Given data:
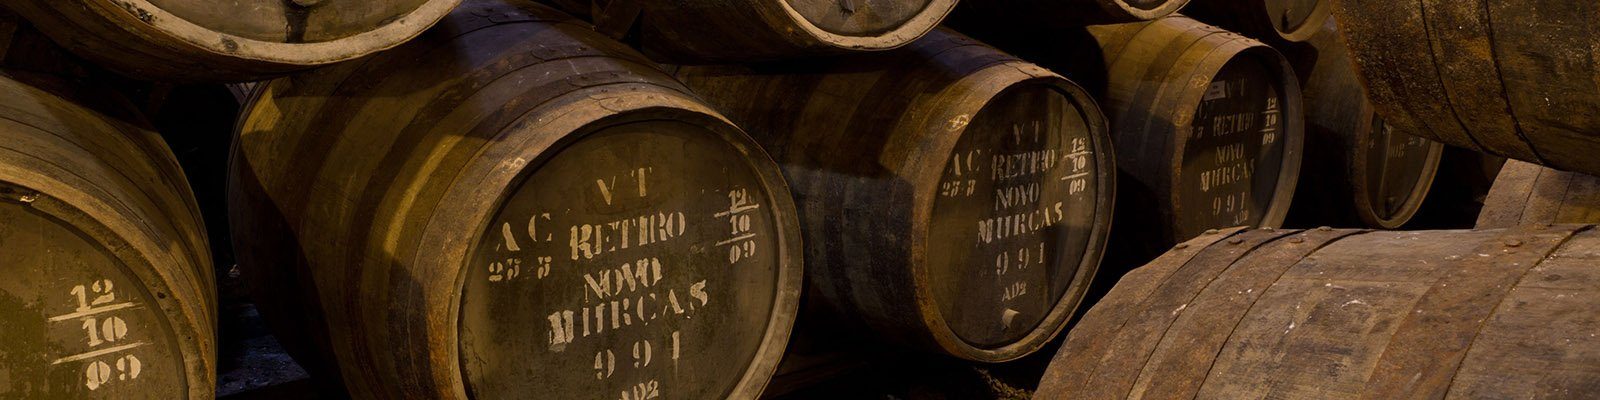 La nostra collezione di Portogallo - Trovatelo da Onshore Cellars, il vostro fornitore di vini per yacht
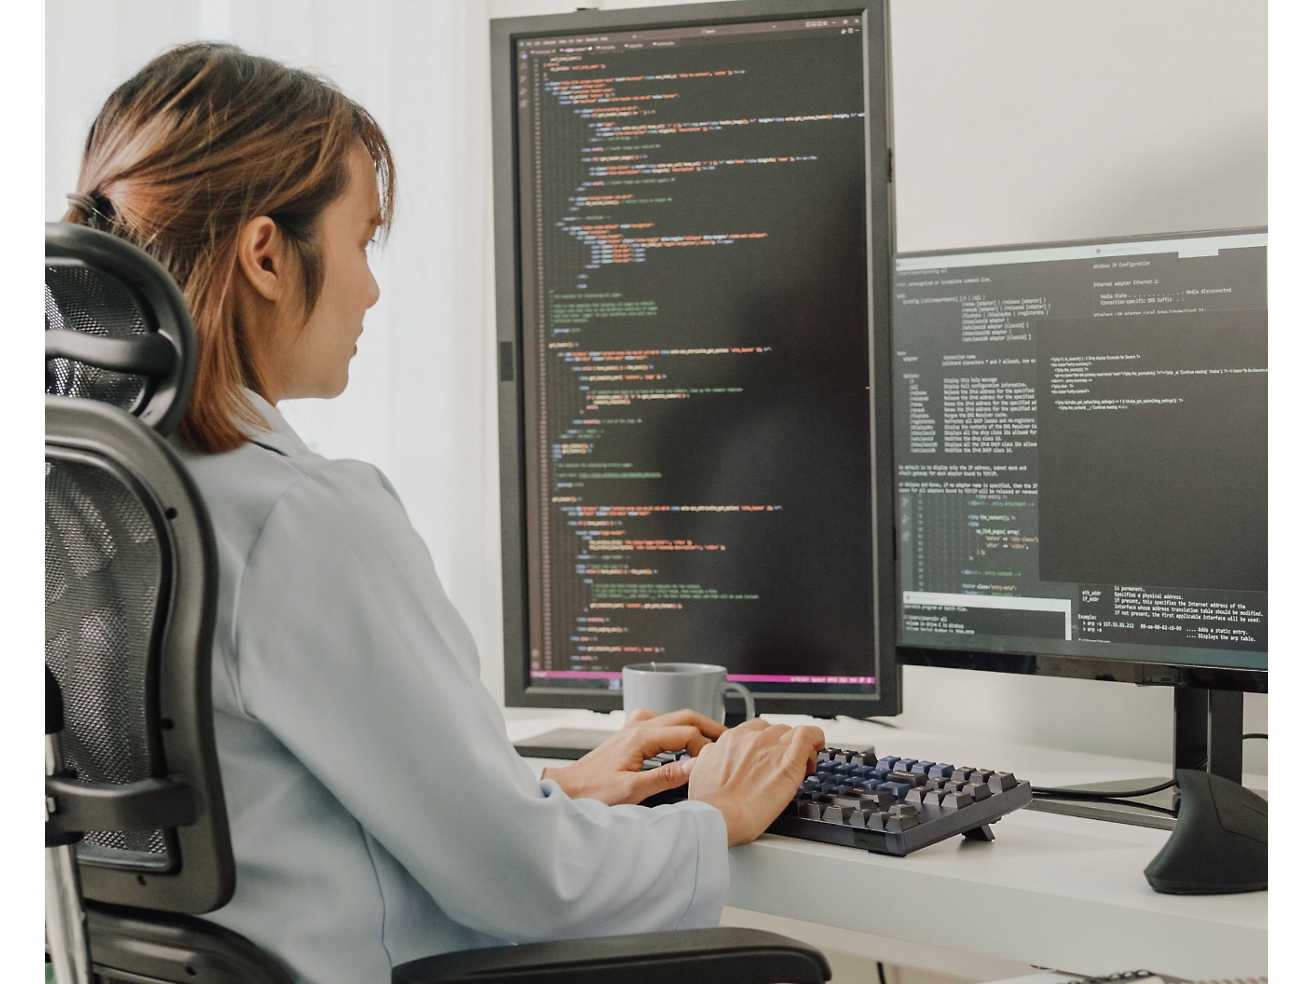 一個女人坐在辦公椅上，在電腦上編寫程式碼，電腦上有多個螢幕顯示了程式碼。
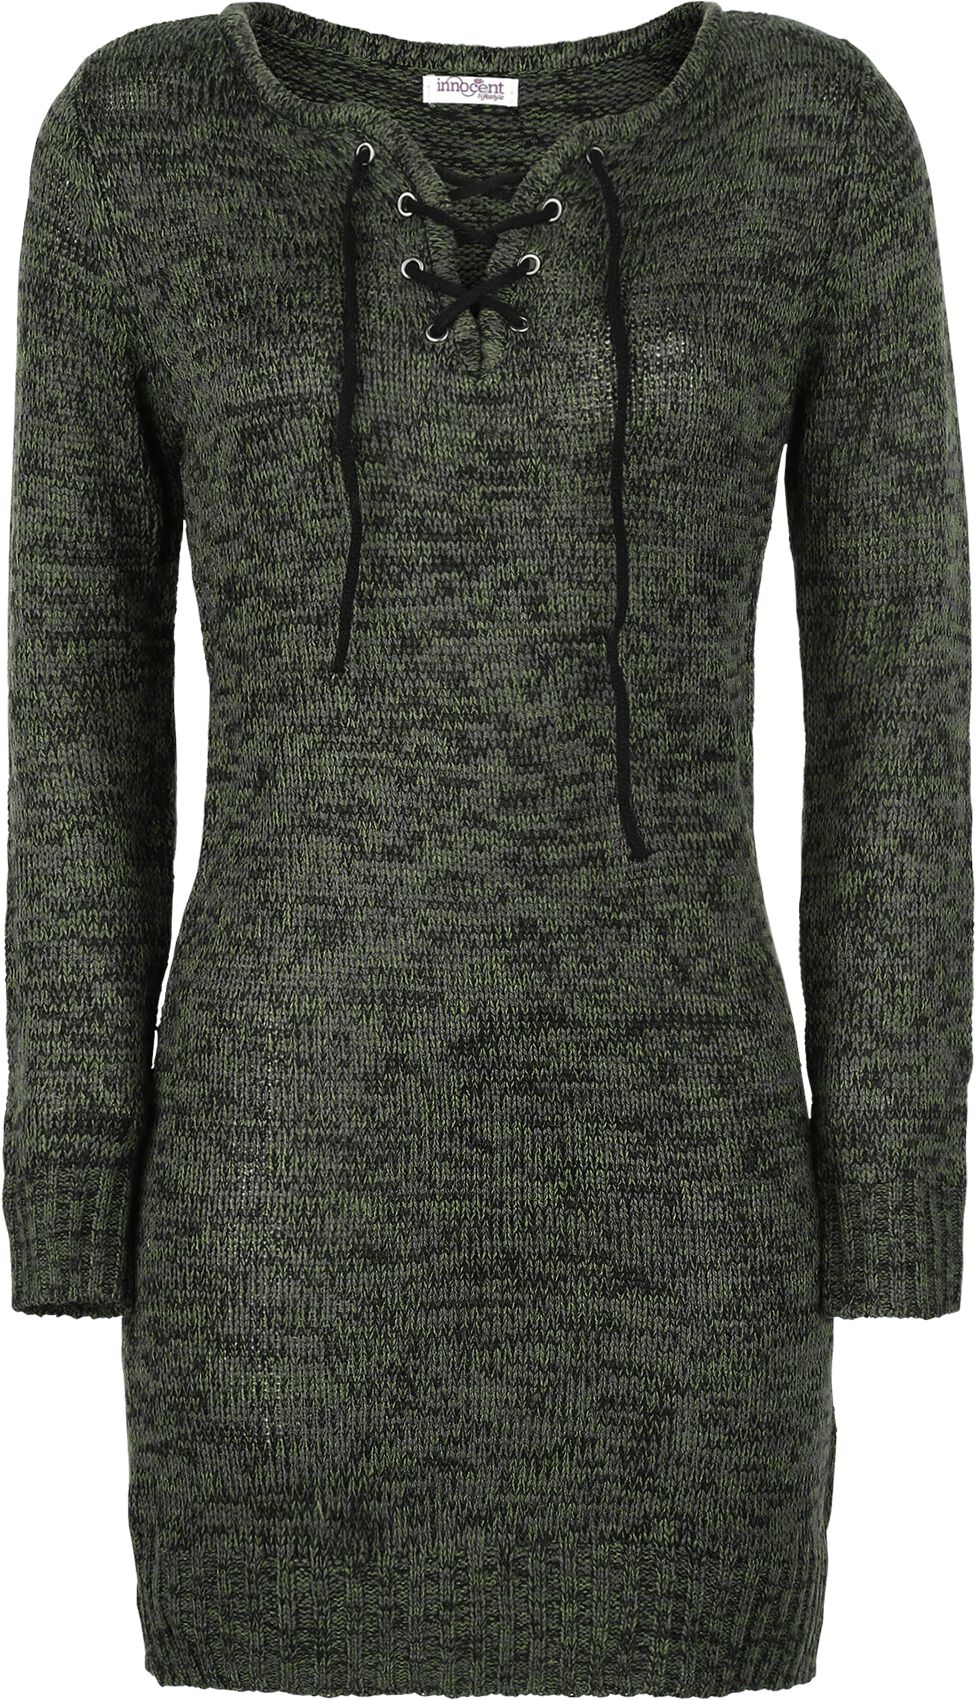 Pull tricoté de Innocent - Débardeur Lana - S à XL - pour Femme - olive
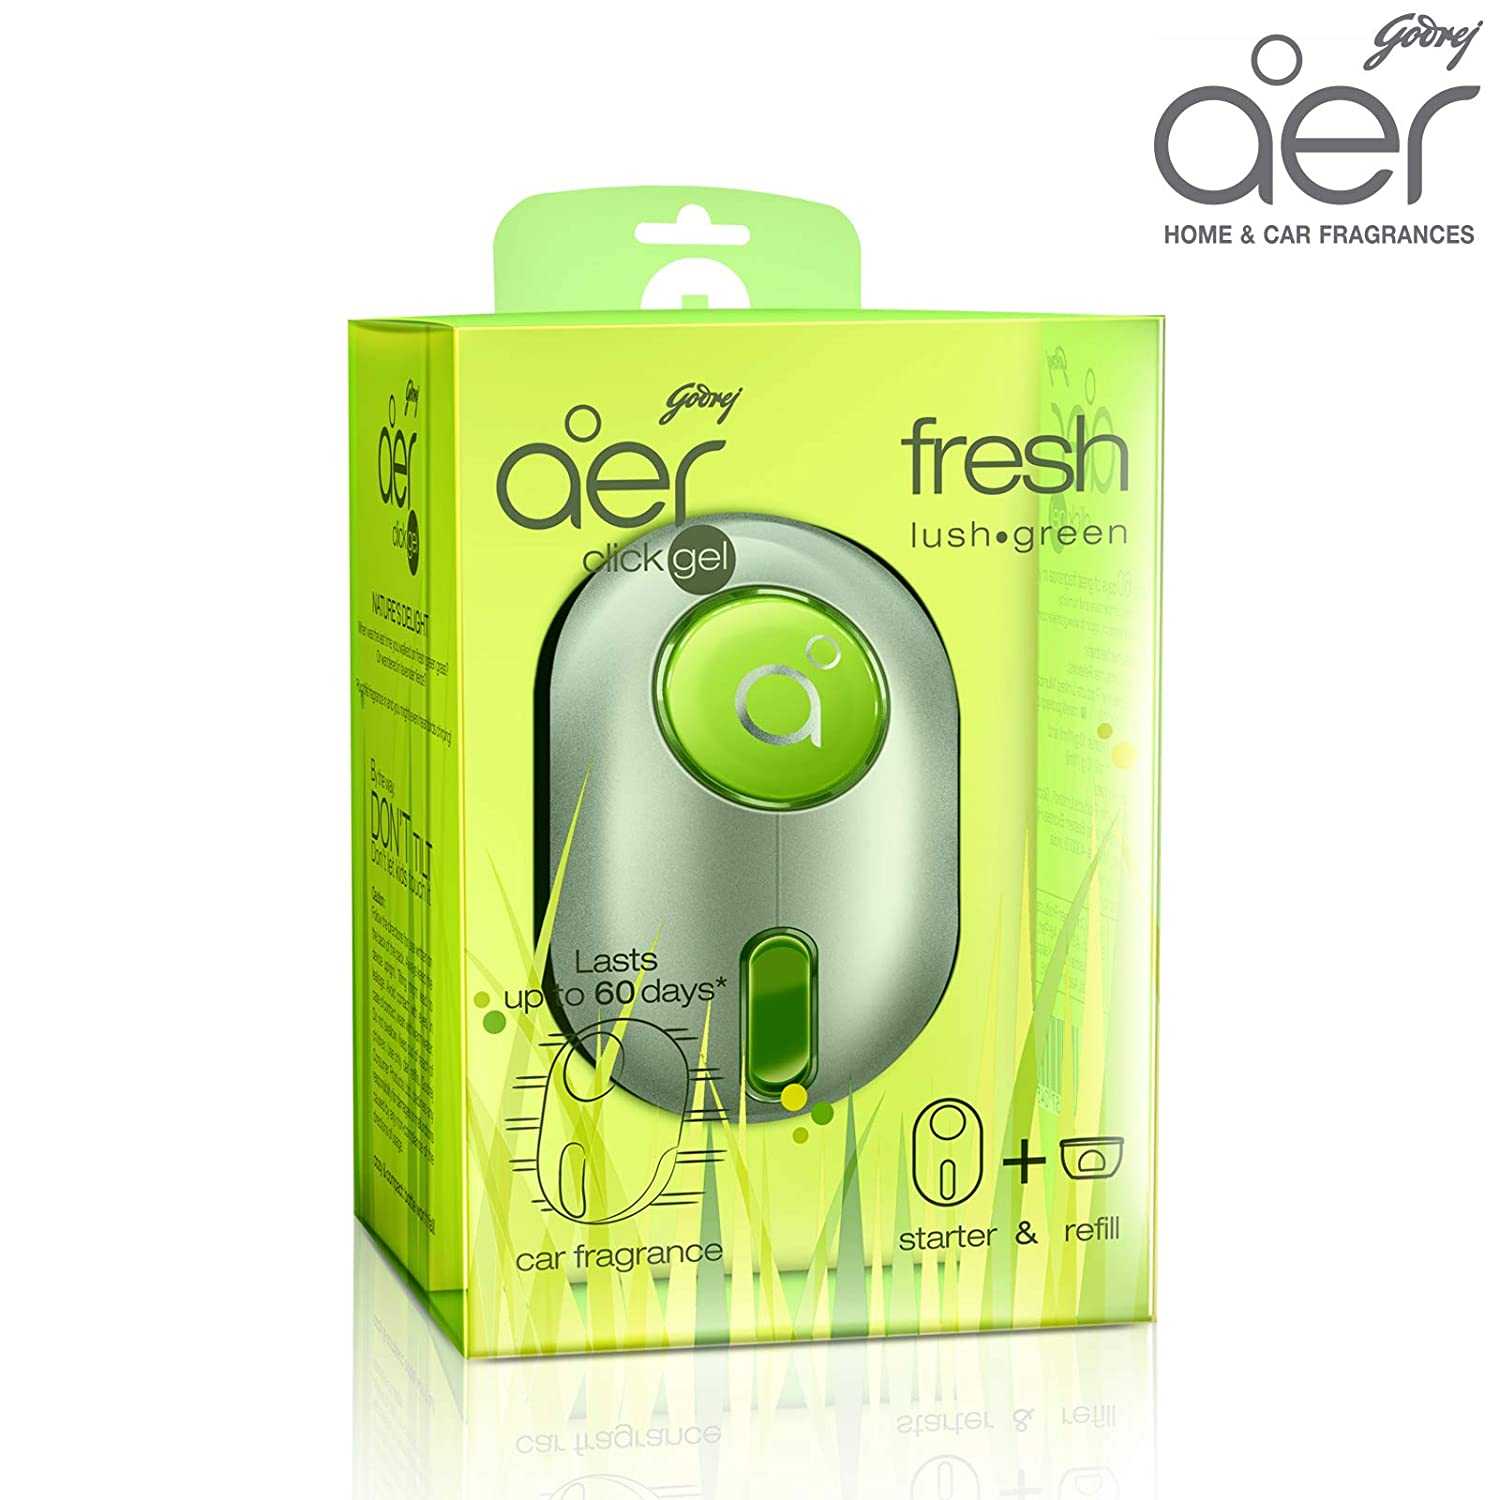 Godrej Aer Click Gel Fresh Lush Green Car Freshener |10 gm

Problem to solve:
Transcribe the lines above exactly, setting aside any picture among them.

Exercise response:
 La nostra collezione di Portogallo - Trovatelo da Onshore Cellars, il vostro fornitore di vini per yacht
 一個女人坐在辦公椅上，在電腦上編寫程式碼，電腦上有多個螢幕顯示了程式碼。
 Pull tricoté de Innocent - Débardeur Lana - S à XL - pour Femme - olive
 Godrej Aer Click Gel Fresh Lush Green Car Freshener |10 gm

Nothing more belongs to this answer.